JUDGMENT By way of his revision petition, soundness of an order dated 14.3.1996, passed by the learned Presiding Officer, Punjab Labour Court No. 4, Faisalabad, in the course of proceedings of a petition filed under Section 25-A of the Industrial Relations Ordinance, 1969, by one Farukh Sagheer, Sub Engineer, against the 'Authorities' of WASA/FDA, has been called in question. The respondent before the Labour Court, the revision-petitioner here, made a request to the Labour Court for re-examining a witness, RW-1, who was found to have committed errors in making his statement and correction thereof was required, according to the learned counsel for the establishment. Some additional evidence was also intended to be adduced. The learned lower court has observed that there is no provision in law, empowering a court to grant such permission. How can a witness be enabled to amend or modify or improve upon his version? If such practice is allowed, sanctity of the court proceedings will be set at naught and a party desirous of bringing on record certain evidentiary material in accordance with his interests and wishes will get the latitude to make such bids again and again; but such venture obviously would vitiate the whole process, and the other party to the litigation certainly will adversely be affected; and this in turn would entail mis-carriage of justice.

2. The respondent before the Labour Court, in this case, had dosed the evidence, and this must be taken to be a well-considered and a material step, which would leave little room for re-opening of the case. There is provision for production of additional evidence, in appellate court ( Order XLI, rule 27, C.P.C.), as also for re-examination of a witness by the trial court (Order XVIII, rule 17, C.P.C.) These provisions however are quite rarely to be availed of, and only with a view to assist the court in arriving at a correct and just decision and for advancement of ends of fair-play and justice.

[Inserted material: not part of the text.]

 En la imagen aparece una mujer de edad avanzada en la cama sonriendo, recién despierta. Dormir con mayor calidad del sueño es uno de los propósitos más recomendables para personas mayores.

Such excise has not to be undertaken in routine and in casual fashion When some new evidentiary material, not in existence already, springs up or is discovered at a later stage, and it has absolute relevance to the matter in controversy or when the court finds itself handicapped in certain respects, it is empowered to re-call a witness for re-examination or to call upon the parties to lead more evidence on being moved by a party, or even suo moto.

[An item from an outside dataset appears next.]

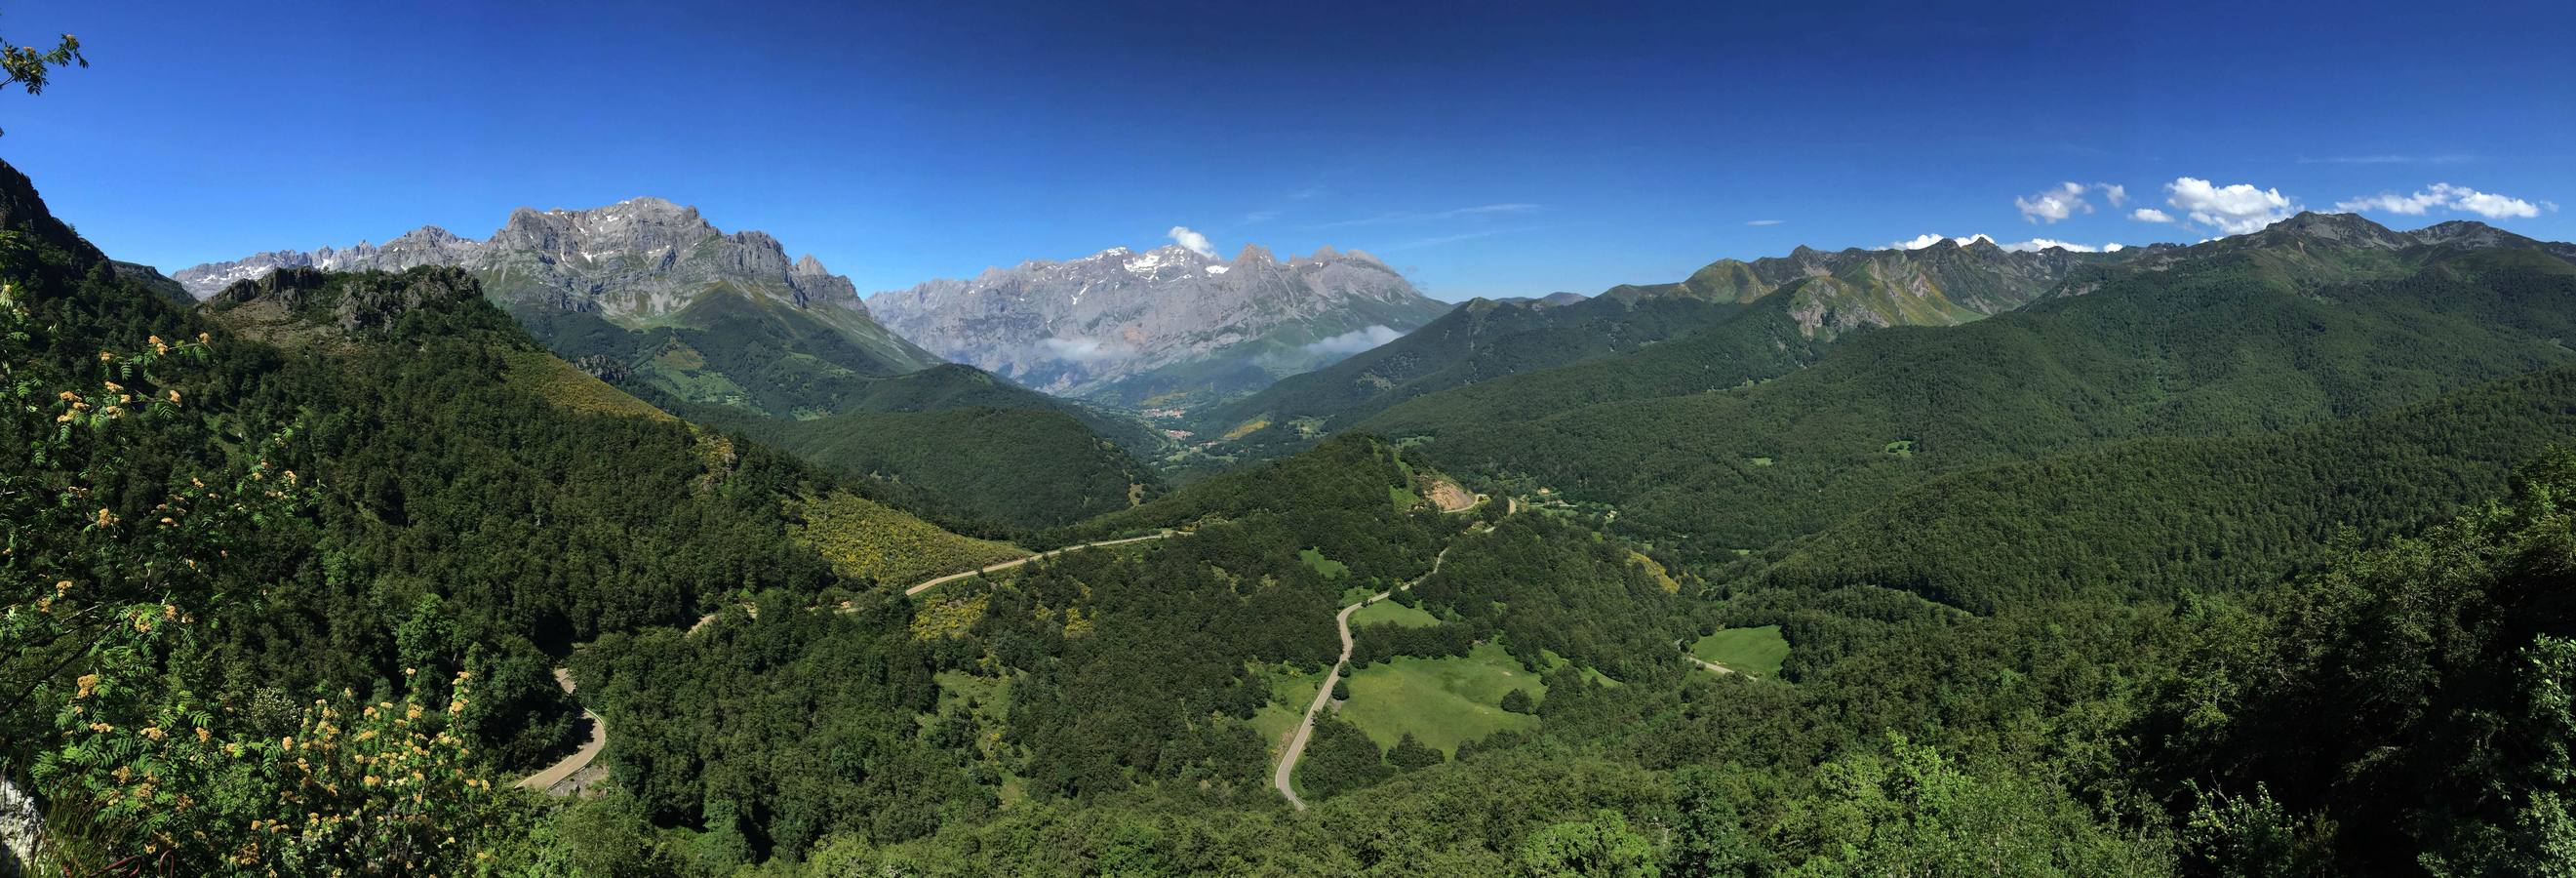 Valle de Valdeón en los Picos de Europa desde el mirador de Piedrashitas.

3.          It is, however, to be borne in mind that such an eventuality I more the need or requirement of the court, than it is the right or entitlement of a party to the litigation; and the primary object is search for reality, a mission of fact-finding, and objective dispensation of justice, which is the ultimate end of process of court and machinery of administration of justice. Well, all such elements appear to be lacking in the instant case; and no cogent reasons were stated in the court below by the learned counsel for the respondent for grant of the un-usual prayer made there. The employer could cot be allowed to fill up the lacunae or gaps in his evidence, to make amends for his errors and lapses, and to amend or rectify the testimony, which suffers in certain respects. If the statement of a witness of the establishment
was going to prejudice its cause, it had to blame none else but itself, and it could not be helped there. It would of course be open to the learned counsel to furnish an explanation in that regard, in an effort to convince the court, as regards genuineness or correctness of its cause, and about infirmity or un- soundness of the pleas taken up by the official. Request contained in the application under Section 151 C.P.C. had also been made too late in the day, when final arguments in the case before the Labour Court had already been addressed, twice in fact. Copy of the statement of the witness has been tendered, and it is sought to be extensively amended or altered, which incidence would be absolutely odd and un-usual indeed.

4.          The impugned order has been rendered by the learned Presiding Officer of the Labour Court,  on application  of mind,  and on correct appreciation of the question raised before him; and it does not call for any interference. The revision petition has no merit and is hereby dismissed with costs.

(K.A.B)                                                                            Appeal dismissed.